1st Chief Justice of Canada
- In office September 30, 1875 – January 10, 1879
- Nominated by: Alexander Mackenzie
- Succeeded by: William Johnstone Ritchie

1st Chief Justice of Ontario
- In office November 6, 1868 – September 29, 1875
- Succeeded by: Robert Alexander Harrison

Member of the Legislative Assembly of the Province of Canada for Leeds
- In office 1848–1853
- Preceded by: Ogle Robert Gowan
- Succeeded by: Jesse Delong

Personal details
- Born: May 2, 1815 Brockville, Upper Canada
- Died: January 26, 1889 (aged 73) Ottawa, Ontario, Canada
- Party: Reformer
- Spouse: Deborah Catherine Muirhead ​ ​(m. 1846)​
- Relations: William Buell, uncle Stephen Richards, brother Albert Norton Richards, brother
- Children: 5
- Education: St. Lawrence Academy

= William Buell Richards =

Chief Justice of Canada from 1875 to 1879

Sir William Buell Richards (May 2, 1815 - January 26, 1889) was a Canadian lawyer, politician, and judge, and served as the first Chief Justice of Canada.

Under Richards' leadership, the Supreme Court was marked by controversy surrounding its creation, concerns about the conduct of its justices, the length and lack of clarity in its decisions, and significant delays in the publication of those decisions.

== Early life ==

Richards was born in Brockville, Upper Canada, to Stephen Richards and Phoebe Buell, the eldest of three children.

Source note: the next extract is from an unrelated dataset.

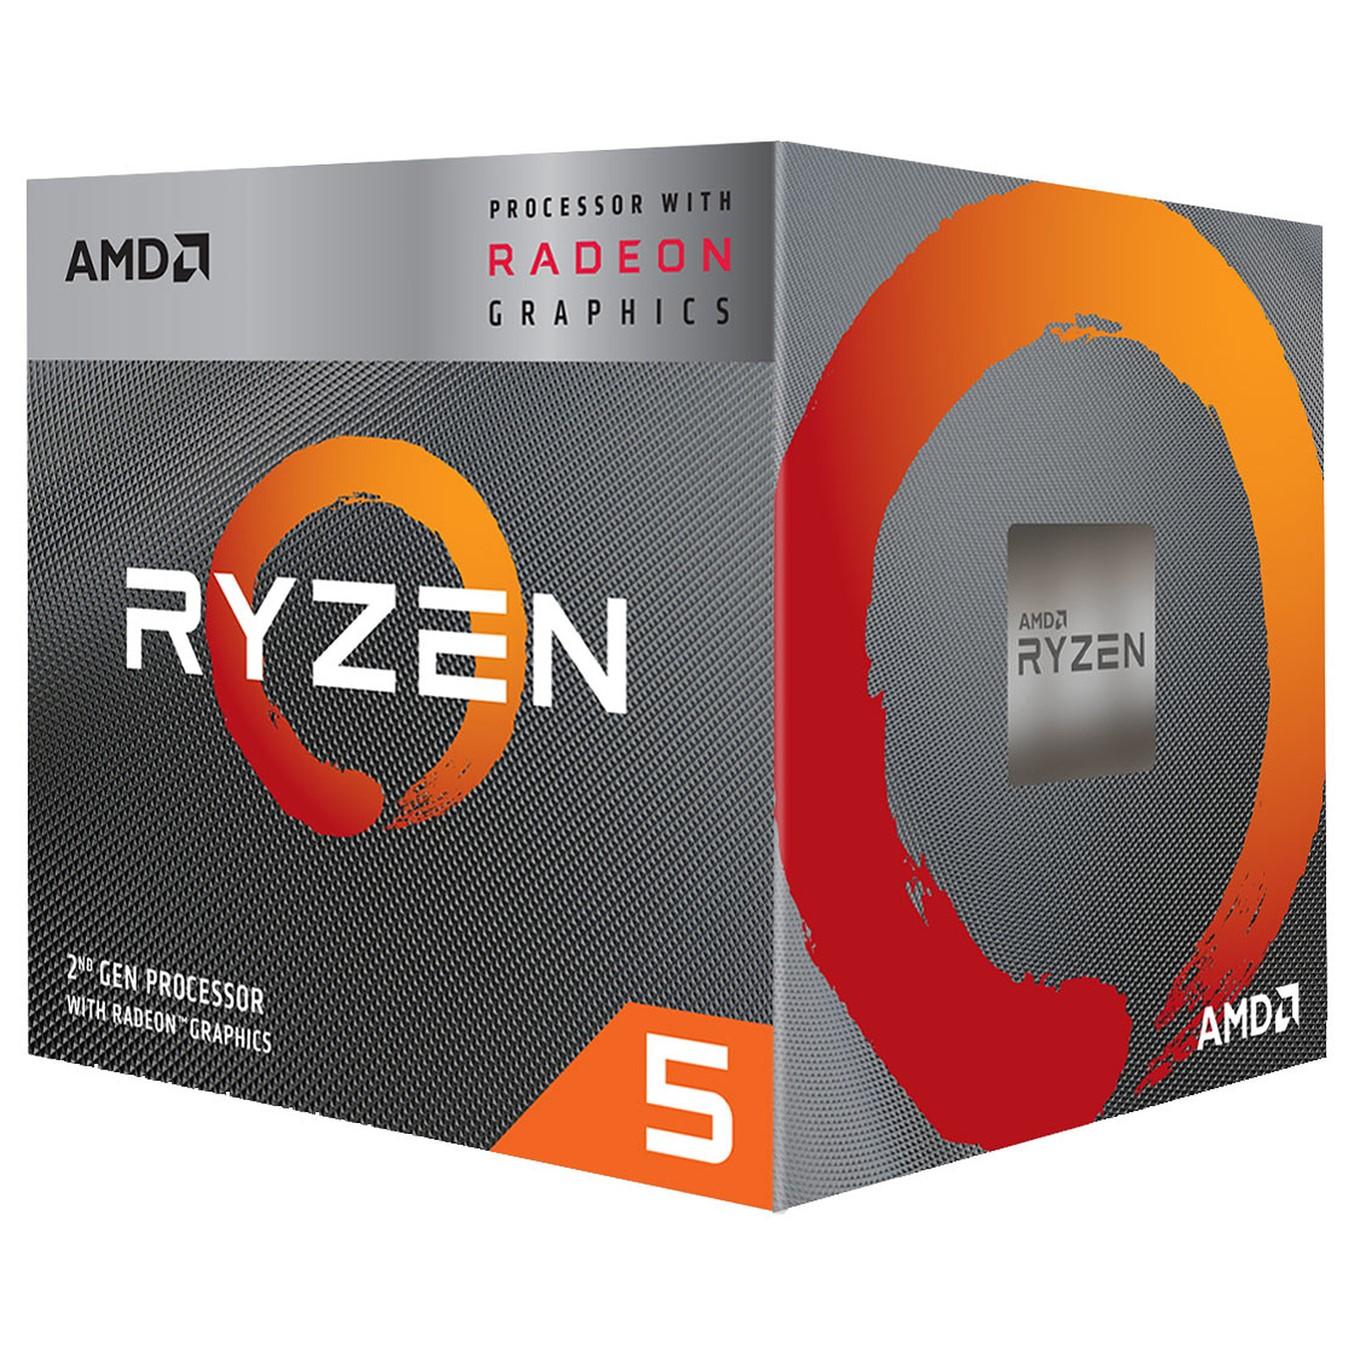 MICRO. PROCESADOR AMD RYZEN 5 3400G 3.7GHZ 4MB AM4

His younger brother Stephen Richards represented Niagara in the Legislative Assembly of Ontario as a Conservative member from 1867 to 1874. The youngest brother Albert Norton Richards represented Leeds South in the House of Commons of Canada as a Liberal member from 1872 to 1874; and served as the second Lieutenant Governor of British Columbia from 1876 to 1881.

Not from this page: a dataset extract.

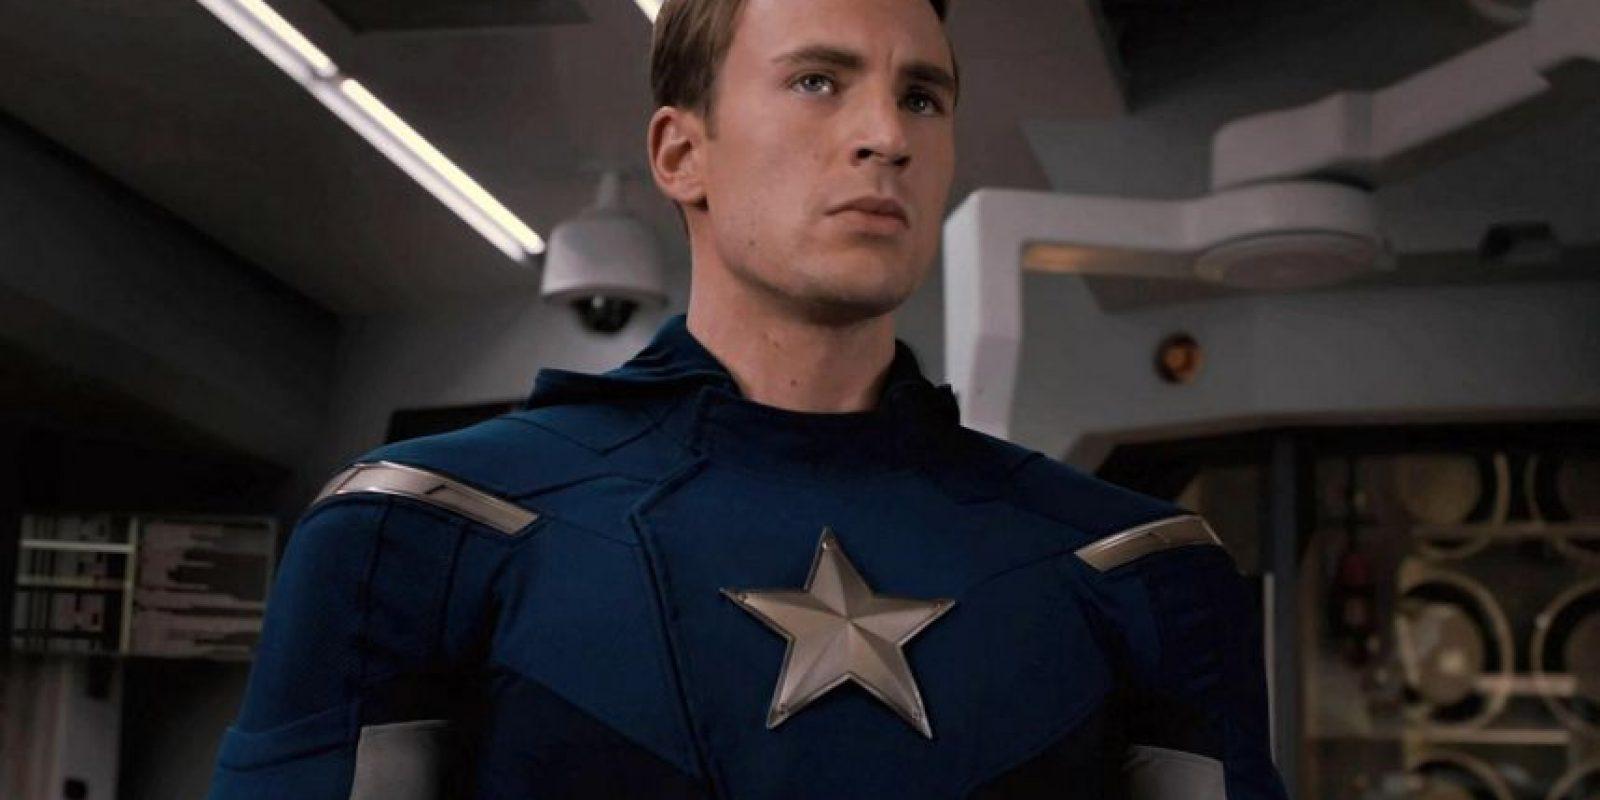 Chris Evans es Capitán América Foto:Facebook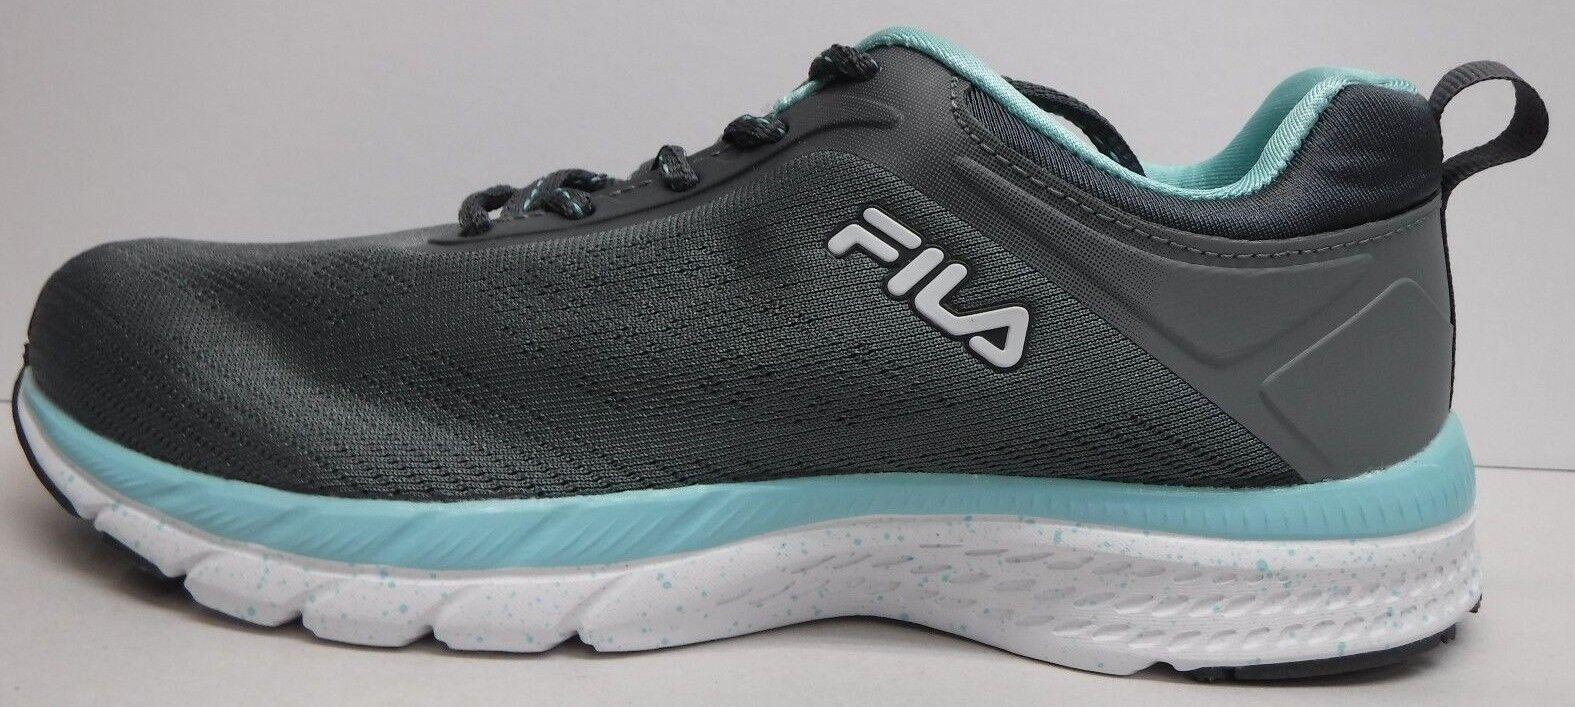 Fila Größe 7 Gray Schuhes Running Sneakers New Damenschuhe Schuhes Gray 134dac

Richards was the maternal grand-son of William Buell, a politician and judge in Upper Canada.

He earned law degree at the St. Lawrence Academy in Potsdam, New York and then articled with his uncle Andrew Norton Buell in Brockville. He was called to the bar in 1837 and continued to practice in Brockville with George Malloch until 1853 and then with his uncle again.

== Legal career ==

In 1848 Richards was elected to the Legislative Assembly of the Province of Canada for the riding of Leeds as a Reformer, and by 1851 he became the Attorney General for Canada West, a position he held until 1853.

Leaving politics in June 1853, he was appointed to the Court of Common Pleas of Canada West and became Chief Justice on July 22, 1863.

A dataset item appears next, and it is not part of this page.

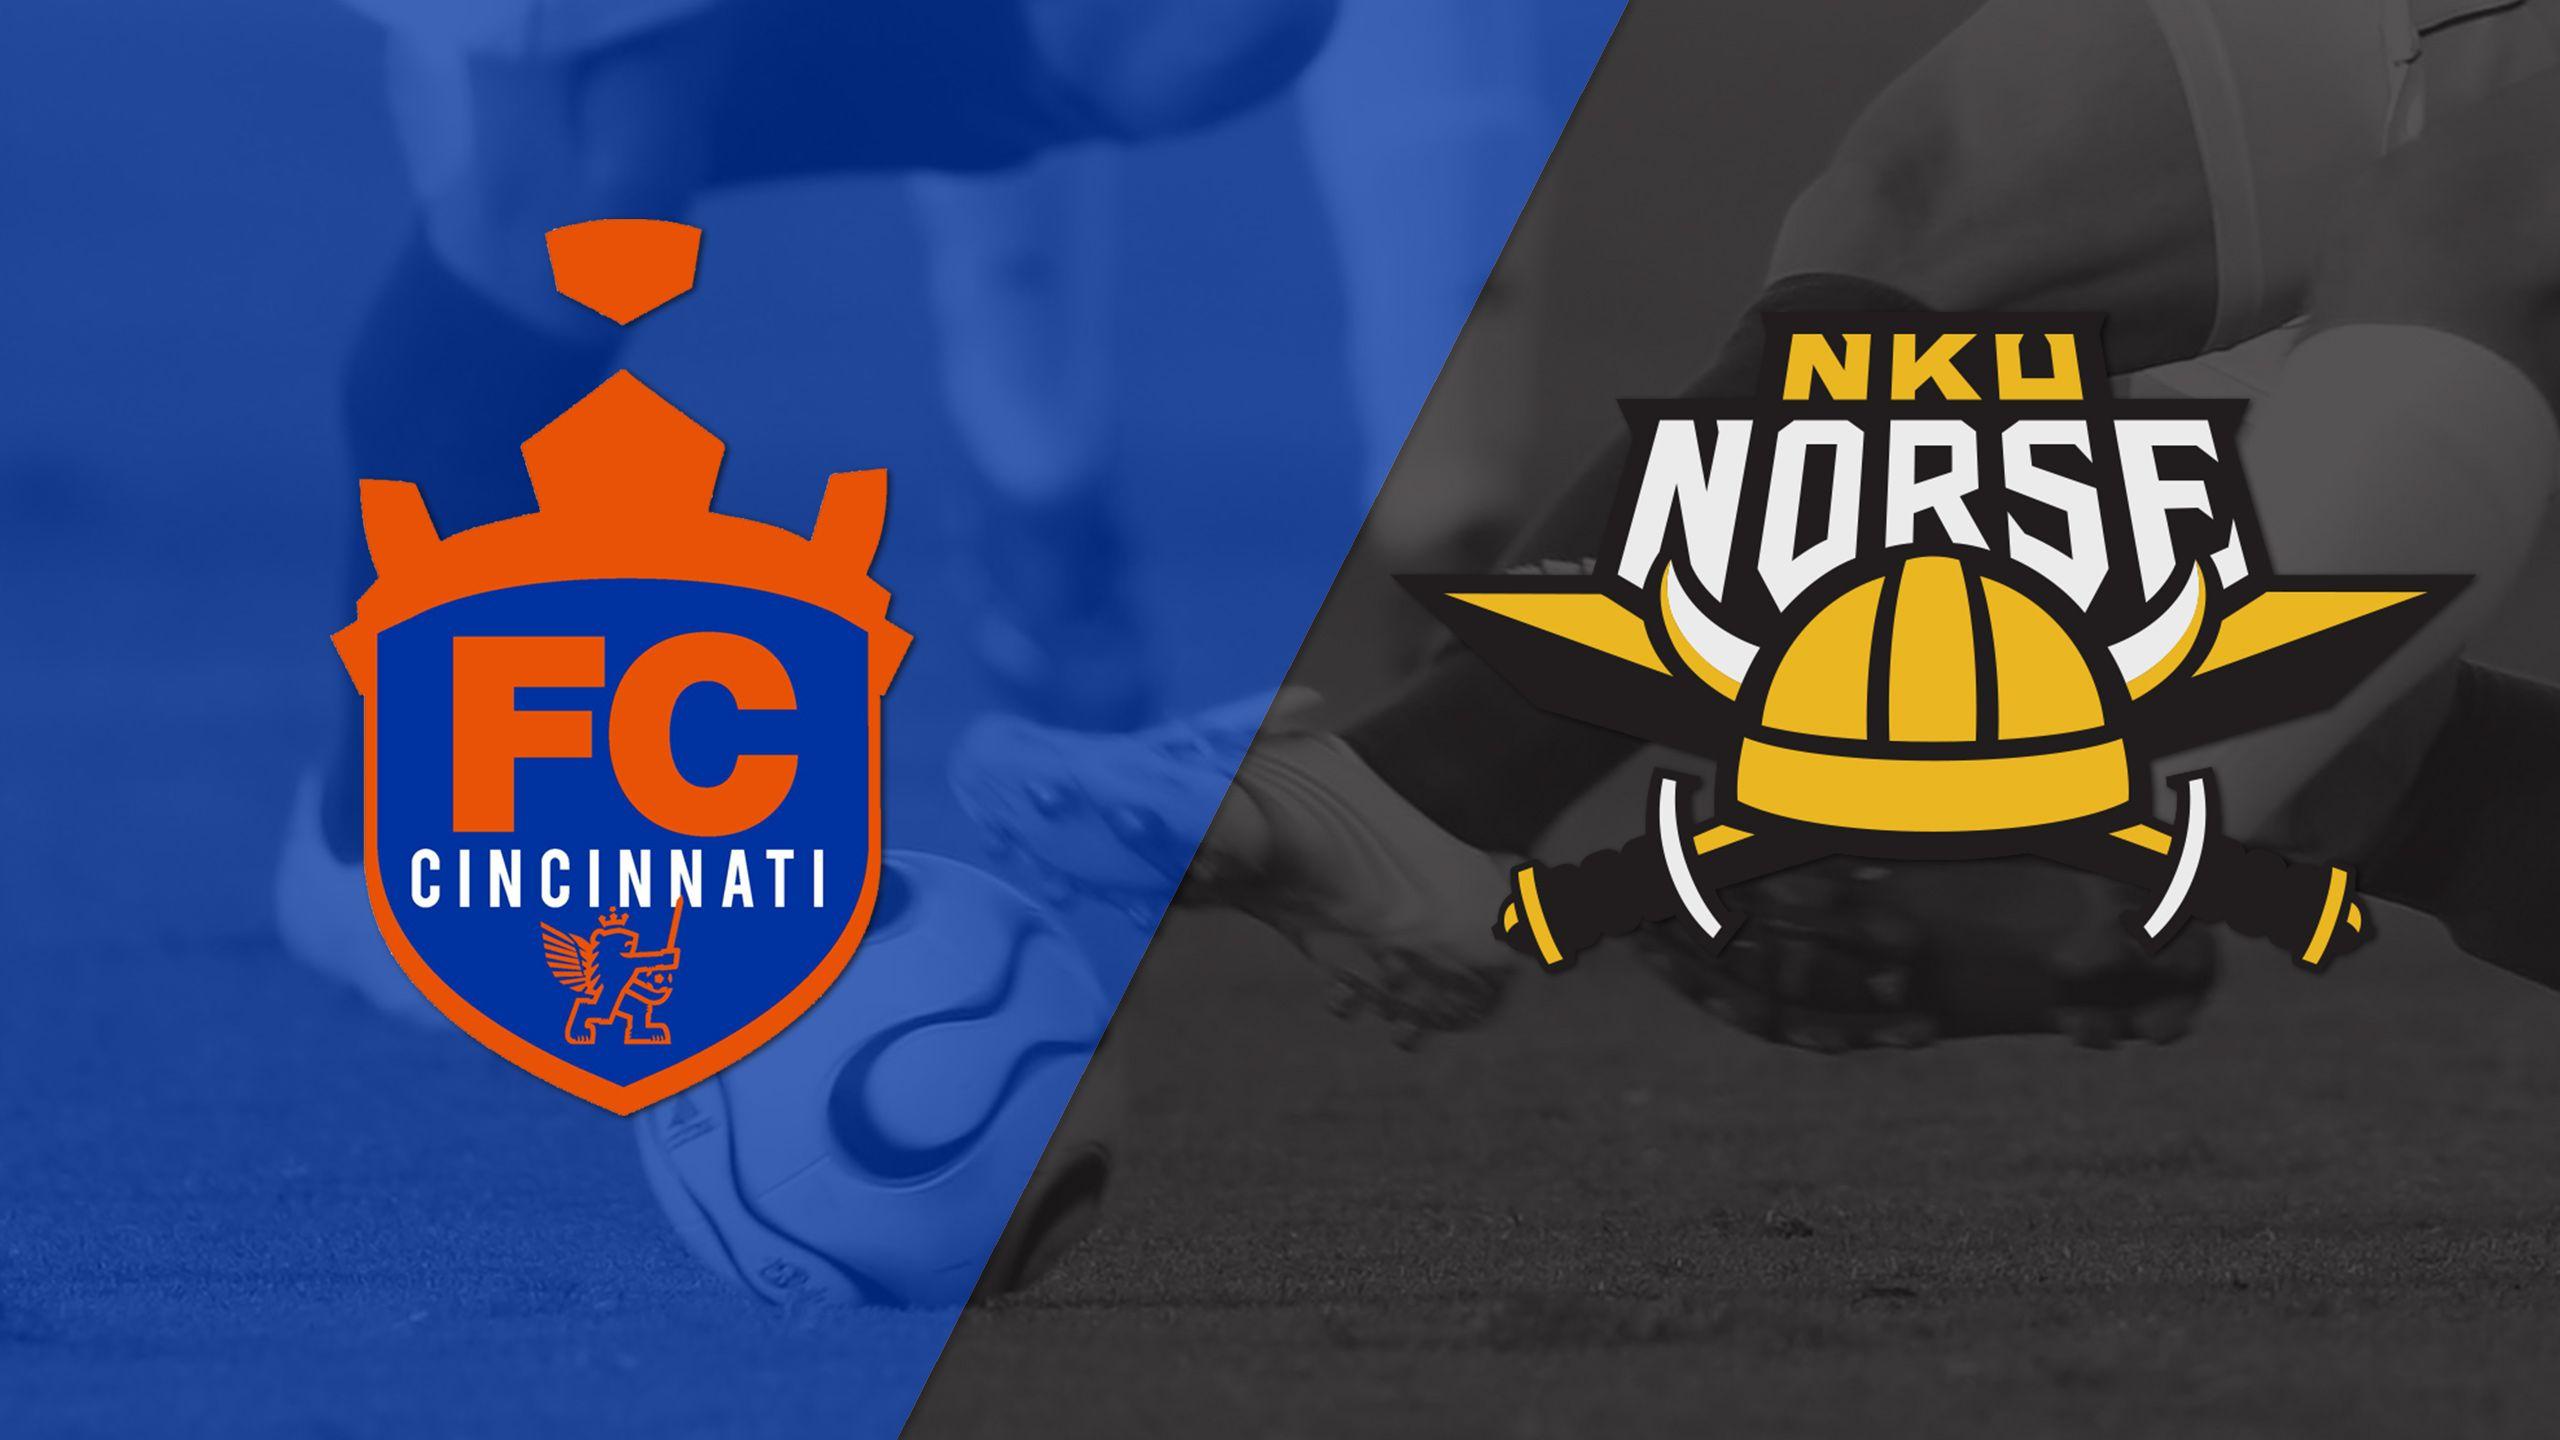 FC Cincinnati vs. Northern Kentucky (M Soccer)

On November 6, 1868, Richards was appointed to Chief Justice of the Ontario Court of Queen's Bench, the highest court in Ontario at that time, the Supreme Court not yet having been created. It was during this time that he heard the appeal of Patrick James Whelan for the murder of Thomas D'Arcy McGee. During his time on the Ontario bench, Richards was praised for his "powerful intellect", common sense, his ability to take a broad view of legal issues, and his view of the judicial function.

=== Chief Justice of Canada ===

In 1875, the Supreme Court of Canada was created by an Act of Parliament, and Prime Minister Alexander Mackenzie appointed Richards the first Chief Justice of Canada. On October 8, 1875, General William O'Grady Haly administered the oath of office to Chief Justice Richards. A month later on November 8, the five puisne justices—William Johnstone Ritchie, Samuel Henry Strong, Jean-Thomas Taschereau, Télesphore Fournier, William Alexander Henry—were sworn in.

Richards was seen as a qualified candidate despite his poor health. With his appointment at the age of 60, he had spent 22 years as a judge, two years as attorney general, and was a personal friend from Prime Minister Mackenzie and John A. Macdonald. Richards appointment was praised by the Toronto newspaper The Globe.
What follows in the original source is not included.